I'm using Apache Spark 2.1.0 and Cassandra 3.0.14. In my code I want to create a connection between Spark and Cassandra:
...
SparkSession sparkSession = SparkSession.builder()
.appName(appName)
.config("spark.cassandra.connection.host", "localhost")
.config("spark.cassandra.connection.port", 9042)
.getOrCreate();
CassandraConnector cassandraConnector = CassandraConnector
.apply(sparkSession.sparkContext().getConf());
Session session = cassandraConnector.openSession();
ResultSet rs = session.execute("select * from myDB.myTable");
...
When I run the code locally in eclipse everything works fine, but when I run the jar-file on my local spark server I get
Exception in thread "main" java.lang.NullPointerException
The method which causes this error is
cassandraConnector.openSession();
This is my pom.xml:
<project xmlns="http://maven.apache.org/POM/4.0.0" xmlns:xsi="http://www.w3.org/2001/XMLSchema-instance"

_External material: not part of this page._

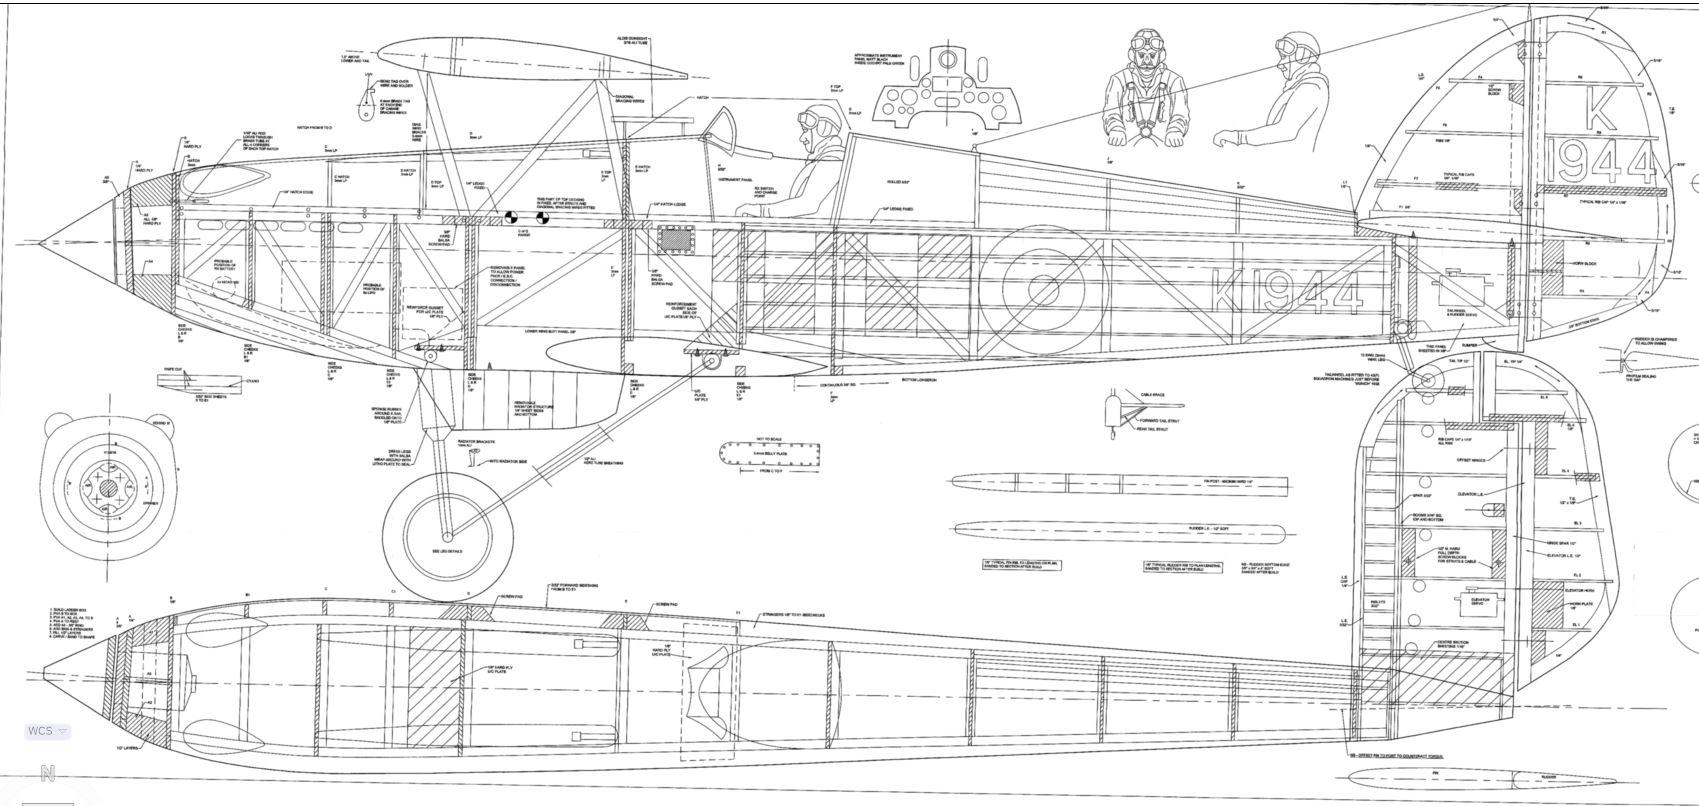 U Haul Flat Rate | Wiring Diagram Database Uhaul Trailer Ke Controller Wiring Diagram on 2003 chevy trailblazer trailer plug diagram, gm 7-way wiring diagram, u-haul light wiring diagram, jr xp9303 module pin diagram, uhaul trailer dimensions, evaporative cooler wiring diagram, u-haul brake controller diagram, 4 1 haul system diagram, u-haul trailer light wire diagram, bargman cord wiring diagram, 200 jeep grand cherokee fuse diagram, uhaul trailer plug diagram, trail duty wiring diagram, uhaul trailer hitch diagram, 1993 jeep grand cherokee fuse box diagram, camper wiring diagram,

xsi:schemaLocation="http://maven.apache.org/POM/4.0.0 http://maven.apache.org/xsd/maven-4.0.0.xsd">
<modelVersion>4.0.0</modelVersion>
<groupId>xign_analysis</groupId>
<artifactId>xign_analysis_jar_archive</artifactId>
<version>0.0.1-SNAPSHOT</version>
<properties>
<maven.compiler.target>1.8</maven.compiler.target>
<maven.compiler.source>1.8</maven.compiler.source>
<project.build.sourceEncoding>UTF-8</project.build.sourceEncoding>
</properties>
<build>
</build>
<dependencies>
<!-- https://mvnrepository.com/artifact/org.apache.spark/spark-core_2.10 -->
<dependency>
<groupId>org.apache.spark</groupId>
<artifactId>spark-core_2.10</artifactId>
<version>2.1.1</version>
<scope>compile</scope>
</dependency>
<!-- https://mvnrepository.com/artifact/org.apache.spark/spark-sql_2.10 -->
<dependency>
<groupId>org.apache.spark</groupId>
<artifactId>spark-sql_2.10</artifactId>
<version>2.1.1</version>
</dependency>
<dependency>
<groupId>org.apache.spark</groupId>
<artifactId>spark-mllib_2.10</artifactId>
<version>2.1.1</version>
<scope>compile</scope>
</dependency>
<!-- https://mvnrepository.com/artifact/org.apache.cassandra/cassandra-all -->
<dependency>
<groupId>org.apache.cassandra</groupId>
<artifactId>cassandra-all</artifactId>
<version>3.11.0</version>
<exclusions>
<exclusion>
<groupId>org.slf4j</groupId>
<artifactId>log4j-over-slf4j</artifactId>
</exclusion>
</exclusions>
</dependency>
<!-- https://mvnrepository.com/artifact/com.datastax.spark/spark-cassandra-connector_2.10 -->
<dependency>
<groupId>com.datastax.spark</groupId>
<artifactId>spark-cassandra-connector_2.10</artifactId>
<version>2.0.5</version>
</dependency>
<dependency>
<groupId>junit</groupId>
<artifactId>junit</artifactId>
<version>4.12</version>
</dependency>
</dependencies>
</project>
Im using Macbook with El Capitan (10.11.06 ). My Spark Master, Spark Worker and Cassandra server are running fine. I have no idea how to fix this issue.
I found the solution. In the spark/jars dir there is an older version of Guava: Google Core Libraries For Java. I replaced this older version (v. 14.0.1) with the newest one (v. 23.0) and everything works fine.